Cały czas jeszcze nasz zespół ma "matematyczne szanse" na awans. "Podopieczni Michała Probierza spadli na trzecią lokatę i mają punkt straty do Czechów. Teraz muszą liczyć na cud – wygraną w ostatnim meczu eliminacji, stratę punktów przez naszych południowych sąsiadów w domowym meczu z Mołdawią i porażkę tej ostatniej kadry z Albanią" – opisuje portal meczyki.pl.
Zdobywcą jedynego gola dla Polski w niedzielnym meczu był Karol Świderski. – Zdobyliśmy bramkę na 1:1, ale czegoś zabrakło do zwycięstwa.

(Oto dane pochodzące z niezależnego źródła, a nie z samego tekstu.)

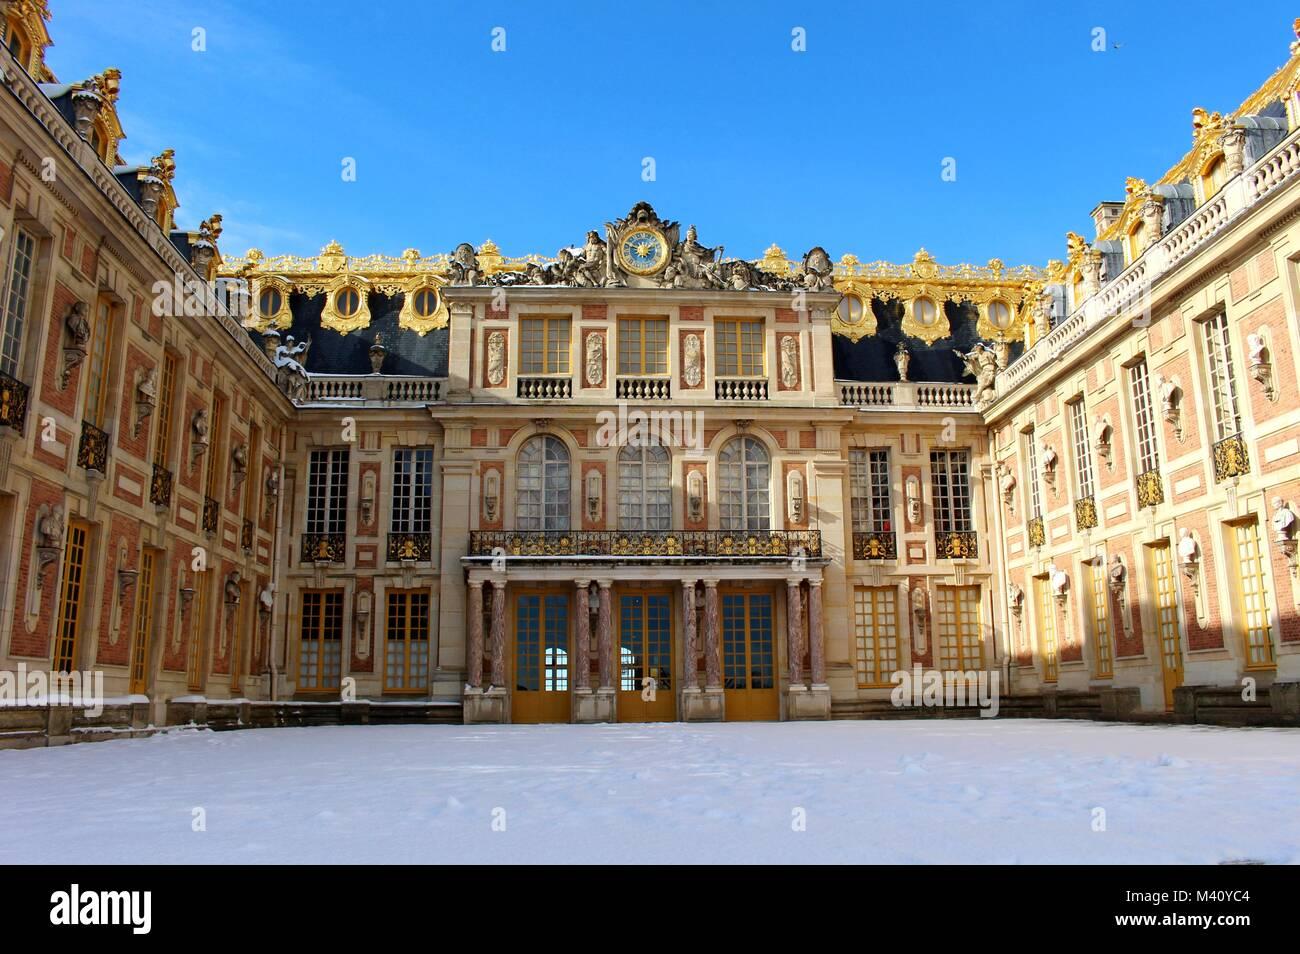 Febbraio 2018 ha visto la più grande nevicata a Parigi dal 1987. Immagini Stock
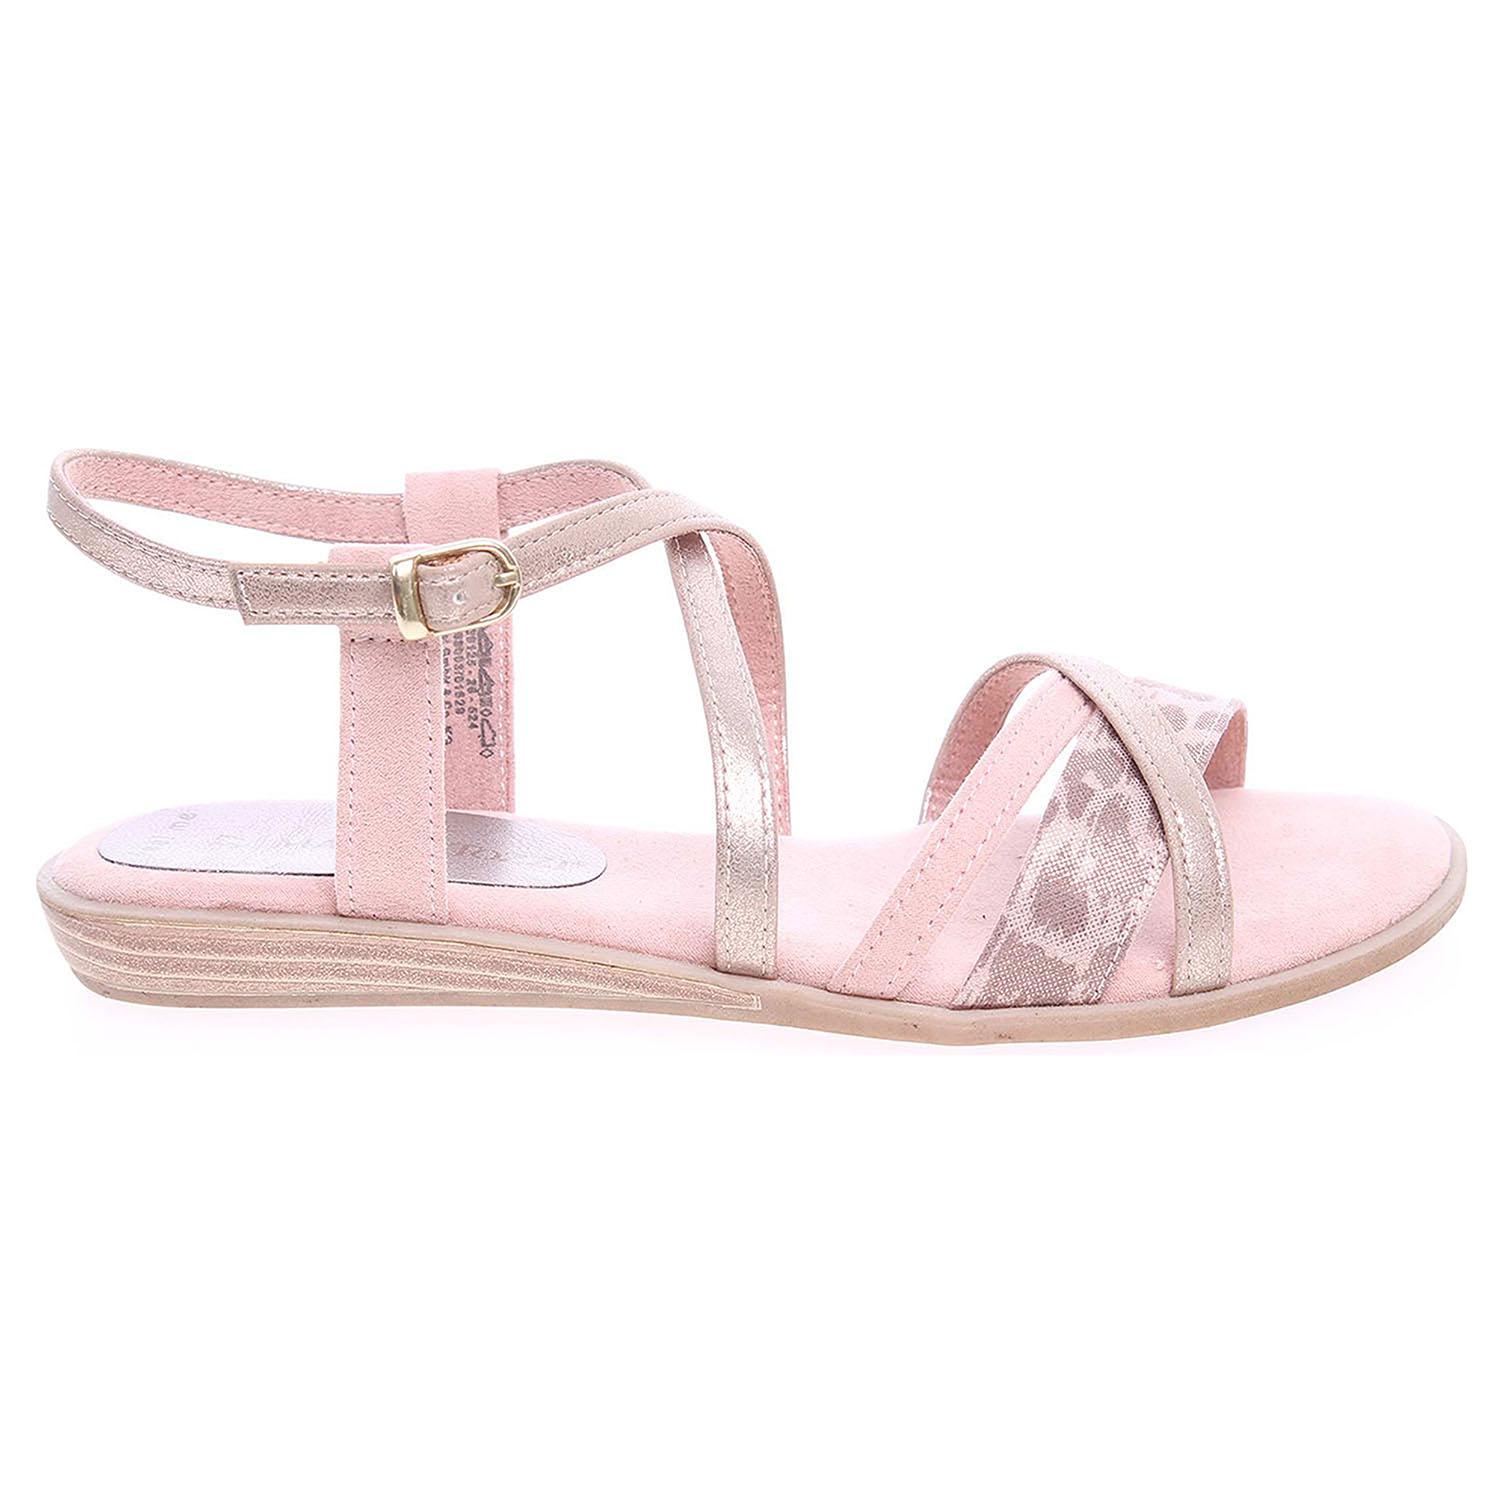 Ecco Marco Tozzi dámské sandály 2-28125-26 růžová-zlatá 23801050

Czujemy ogromny smutek i rozczarowanie – wskazał piłkarz po meczu.
Poprzednie spotkanie z Mołdawią przegraliśmy wynikiem 2:3. W ramach eliminacji do Euro 2024 nasi zawodnicy zmierzą się jeszcze z Czechami.
Probierz: Nie jestem cudotwórcą
To drugi mecz polskiej reprezentacji pod wodzą Michała Probierza.

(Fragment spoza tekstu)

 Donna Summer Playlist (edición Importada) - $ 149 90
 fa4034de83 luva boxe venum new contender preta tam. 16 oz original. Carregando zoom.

– Cudotwórcą nie jestem. Bez treningu nie da się pewnych rzeczy zrobić, ale i tak uważam, że pewne elementy pozmienialiśmy i wprowadziliśmy kilku zawodników, którzy dla tej reprezentacji będą grali – mówił selekcjoner podczas konferencji prasowej po spotkaniu z Mołdawią.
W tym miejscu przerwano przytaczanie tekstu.